And we'll see how this affects the rest of the alternative mortgage lending space.
And they were so beaten down.
I'm surprised they're 63% premium.
I guess that's what it was going to take for them to agree to it.
Yeah, yeah.
It's not a name I follow.
I was the most familiar with just because I think I've heard Dan and Nick talk about it a few times on the one hand.
And the other reason was that Warren Buffett, I think pretty much bailed him out, right?
Yeah.
During the fight.
Yeah.
I think he threw him a $2 billion credit facility.
Yeah.
That's when I bought Equitable Bank stock was during that downturn because their stock fell 50% trading on the news that was just something bad happening for
their competitor, which made no sense. That was a pretty good trade and held it since.
Yeah.
Yeah. No, that's kind of, yeah, that's most of what I know. So I don't follow that name closely,
but they must see some value in it. Clearly they were already shareholders, right? So they just
bought it out. So they must own the
business quite well and they must see some value with it. I don't know their track record, but it
kind of makes me think a bit. We had a question on Join TCI from someone asking, I think they were
just kind of confused a bit about the whole BAM spinoff and saying about my dividend portfolio,
whether I thought they would roll back up BIP
or BPS at all. I think it's unlikely, but they have been known to do it with Brookfield Property
Partners when they saw that the market was not valuating properly and they decided, you know
what, this is so cheap, we're going to roll it back in. So sometimes, you know, when you know
the business that well, you kind of see some value where maybe
others don't see it. Yeah. No. I mean, yeah, they're major shareholders, right? So they're
not new to the biz, right? As you're saying so. As do-it-yourself investors, we want to keep our
fees low. That's why Simone and I have been using Questrade as our online broker for so many years now.
Questrade is Canada's number one rated online broker by MoneySense.
And with them, you can buy all North American ETFs, not just a few select ones, all commission
free so that you can choose the ETFs that you want.
And they charge no annual RRSP or TFSA account fees.
They have an award-winning customer service team with real
people that are ready to help if you have questions along the way. As a customer myself,
I've been impressed with Questrade's customer service. Whenever I call or email, every support
rep is very knowledgeable and they get exactly what I need done quickly. Switch for free today
and keep more of your money. Visit questrade.com for details. That is questrade.com.
So not so long ago, self-directed investors caught wind of the power of low-cost index investing.

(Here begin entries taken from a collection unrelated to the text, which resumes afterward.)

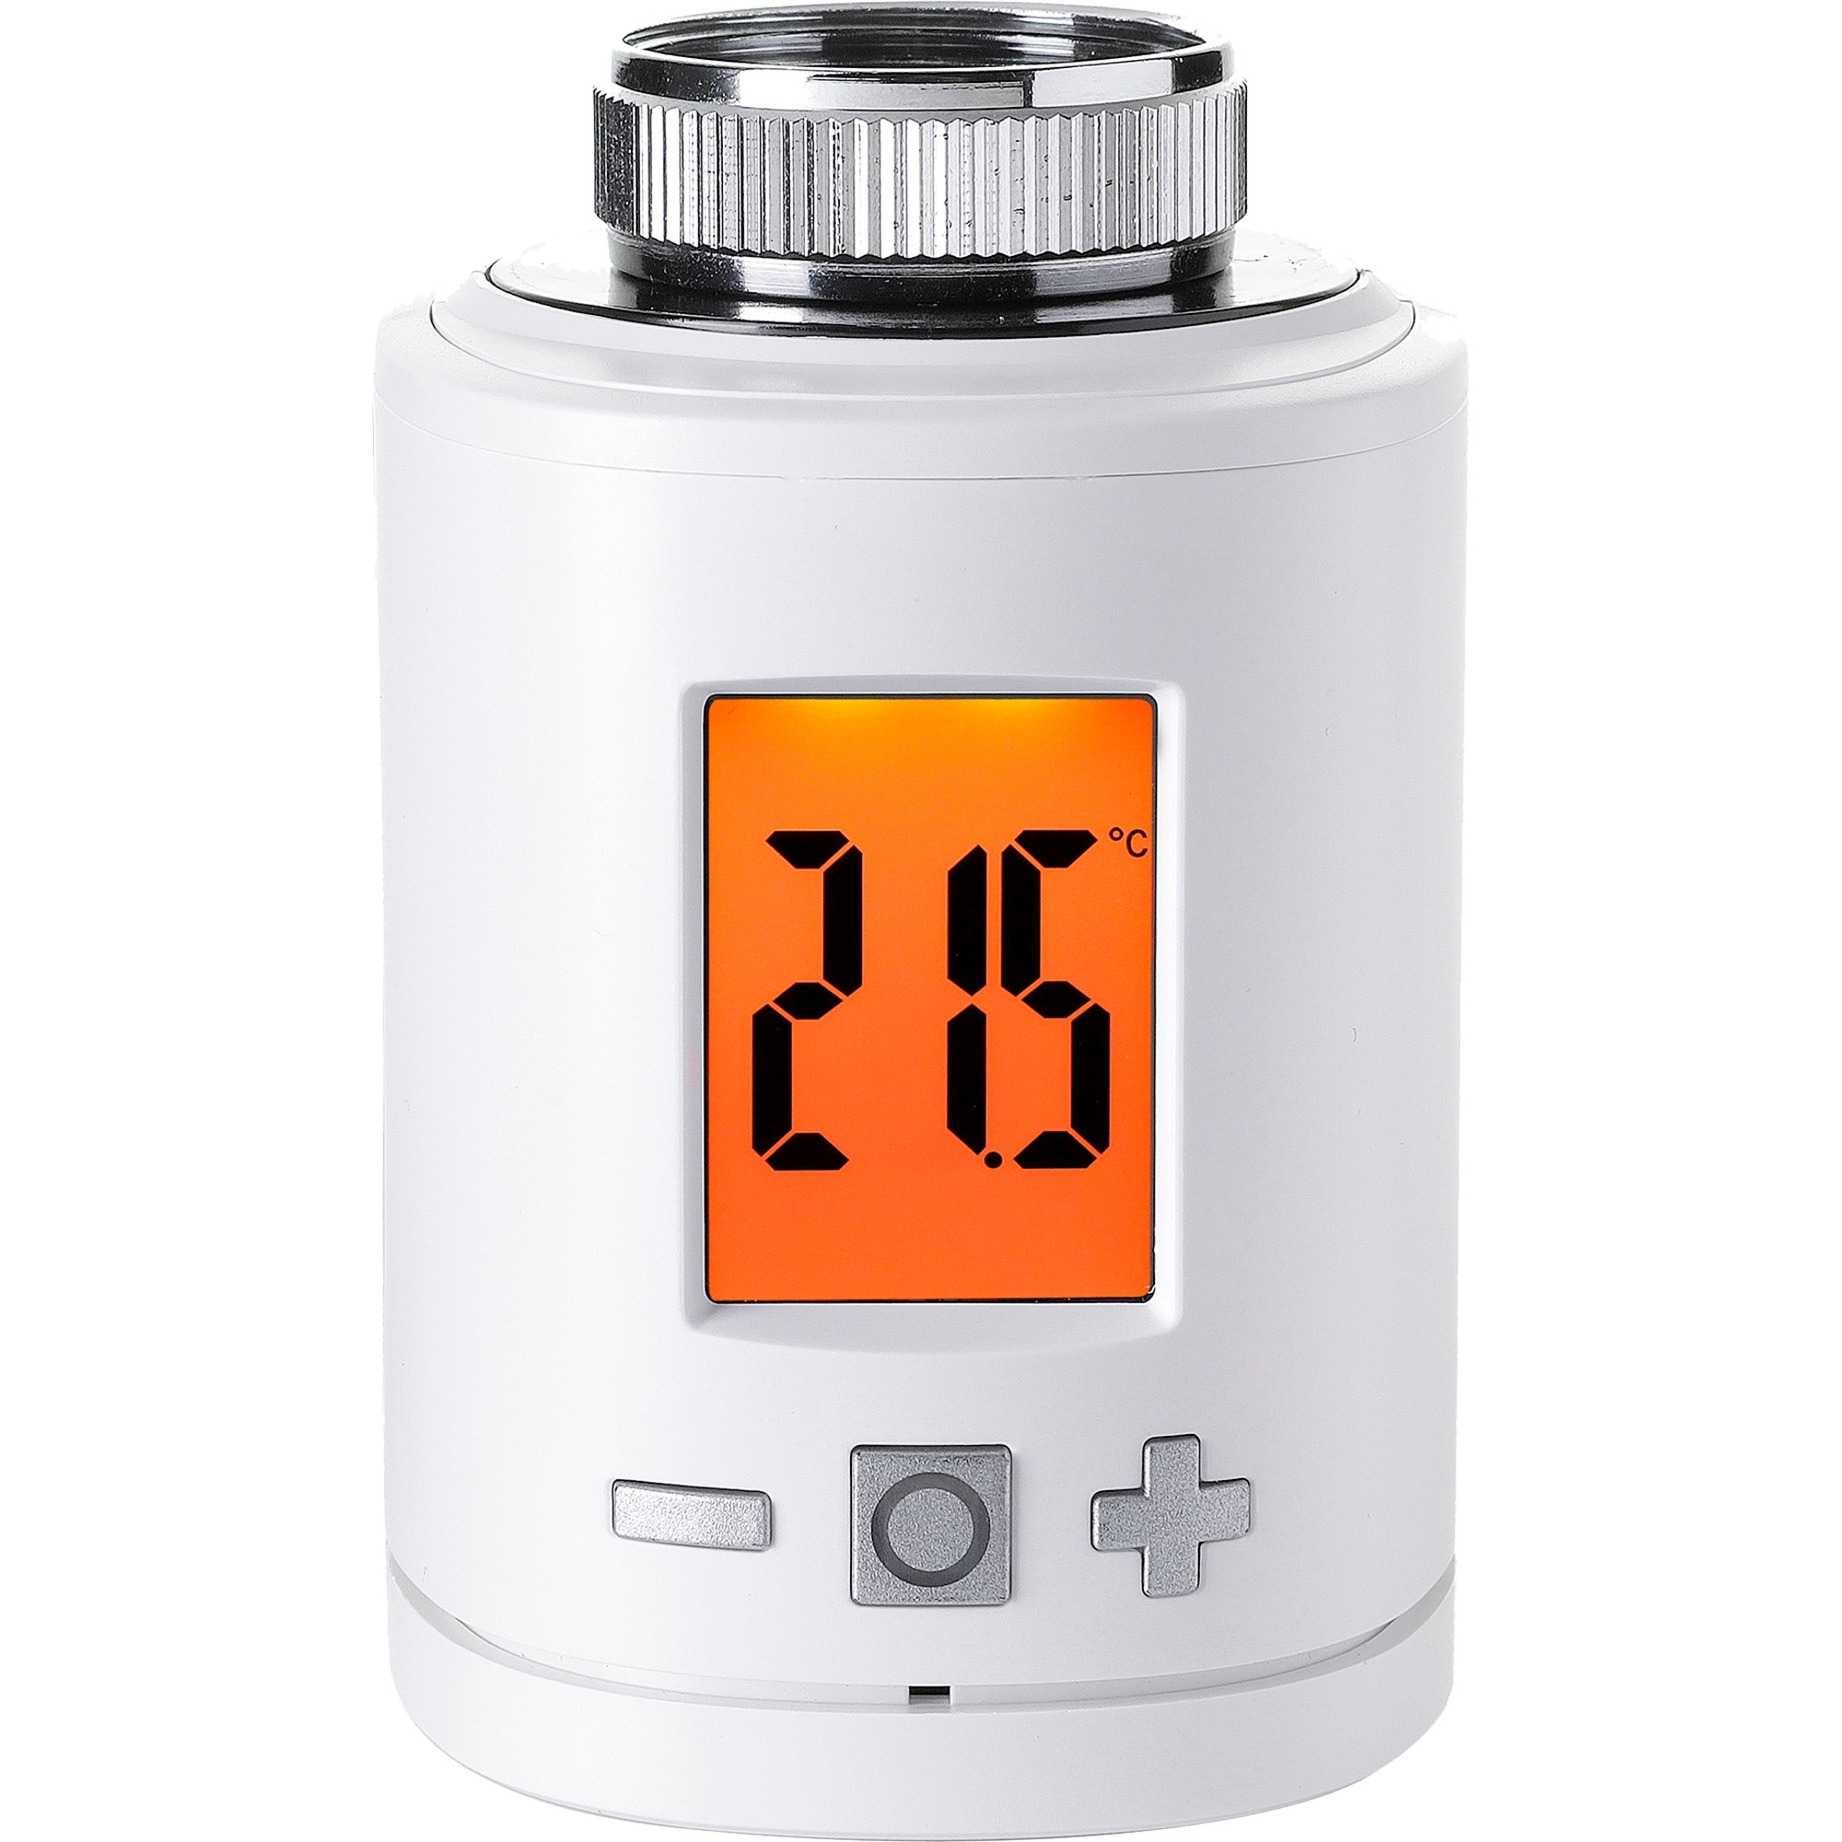 Heizkörper-Thermostat smart, Heizungsthermostat von HOMEPILOT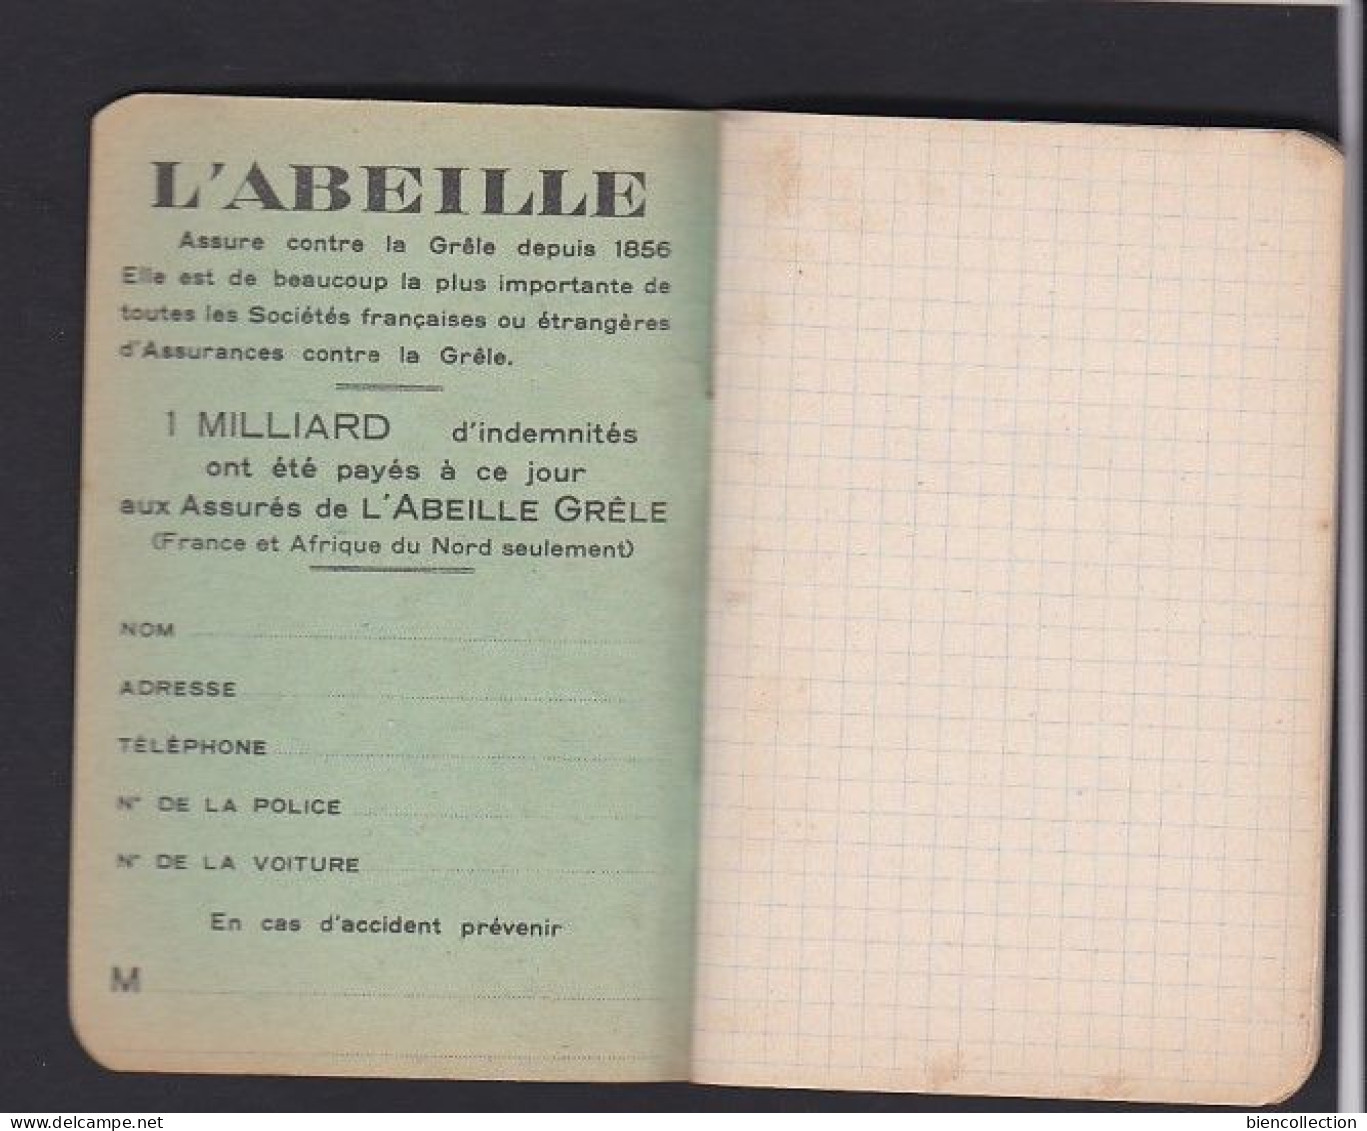 Petit Carnet De Note "publicité L'abeille" ; 40 Pages ; Carnet Neuf Sans Aucunes Inscriptions. 12cm X 8cm - Matériel Et Accessoires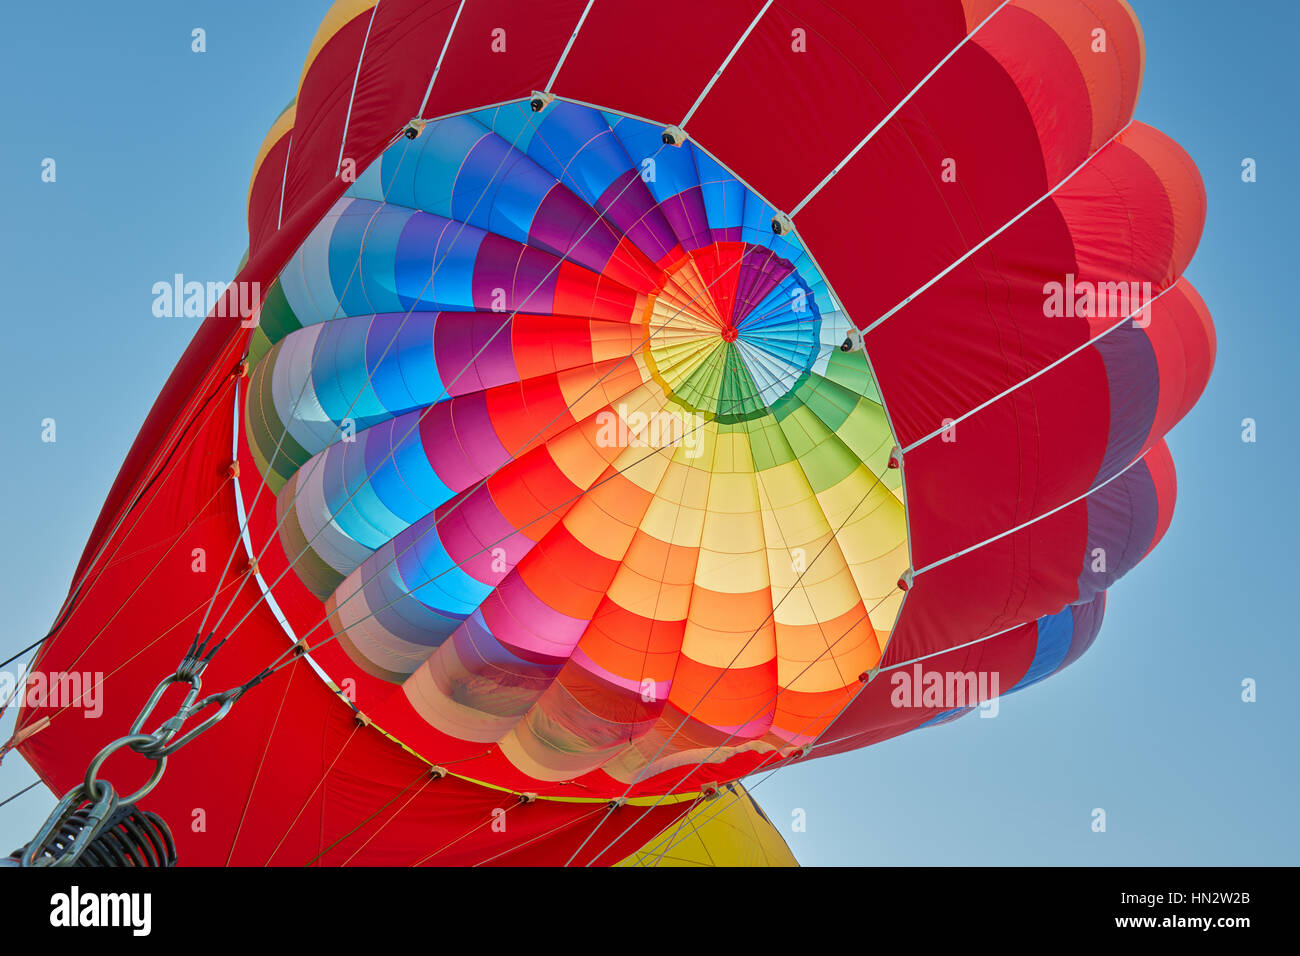 Ballon à air chaud, aérostat colorés du gonflage, ciel bleu Banque D'Images

Once just a secret for the personal finance gurus is now common knowledge for Canadians,
and we are better for it. When BMO ETFs reached out to
work with the podcast, I honestly was not prepared for what I was about to see because the lineup of
ETFs has everything I was looking for. Low fees, an incredibly robust suite, and truly something
for every investor. And here we are with this iconic Canadian brand
in the asset management world, while folks online are regularly discussing and buying ETF tickers
from asset managers in the US. Let's just look at ZEQT, for example, the BMO All Equity ETF.
One single ETF, you get globally diversified equities. So easy way for Canadians to get global stock
exposure with one ticker. Keeps it simple yet incredibly low cost and effective. Very impressed
with what BMO has built in their ETF business. And if you are an index investor and haven't
checked out their listings, I highly recommend it. I bet you'll be as pleasantly surprised as I was
that BMO, the Canadian bank, is delivering these
amazing ETF products. Please check out the link in the description of today's episode for full
disclaimers and more information. All right, let's move on. This was surprising to me. This was like
a news dropping on like, what, Sunday night. This piece of news here.
Yeah, exactly. So some big news.
Bob Iger returned to Disney replacing Bob Chapek.
So shares of Disney were up 7% on those news.
That essentially Bob Chapek got fired by the board of director.
And Bob Iger was asked to come back and he agreed to do so.
I think it's mostly the market kind of looking at Bob Iger's track record,
getting a bit excited here because, I mean, there's a lot of work ahead.
I mean, on one hand, it's quite a bit surprising
if you look at what happened in the last couple of years
because Chapek, or Chapek, I'm not quite sure how you pronounce it.
I always say Bob, like a Cha. Not a Sha.
But I also don't know Sir Bob personally. So let's say Chapek because they are both Bob.
So Chapek. That's true. Yeah. I didn't even realize that. Chapek had been picked by Iger,
essentially handpicked to become the CEO in early 2020s when Iger retired and Disney's board had
also extended his contract by two and a half years this June of this year and originally the contract
was set to expire in February coming up of 2023 but was extended until 2025 and at the time Susan
Arnold which is the chairman of the Disney board of Directors, said, and I quote,
In this important time of growth and transformation, the board is committed to keeping Disney on the successful path it is on today.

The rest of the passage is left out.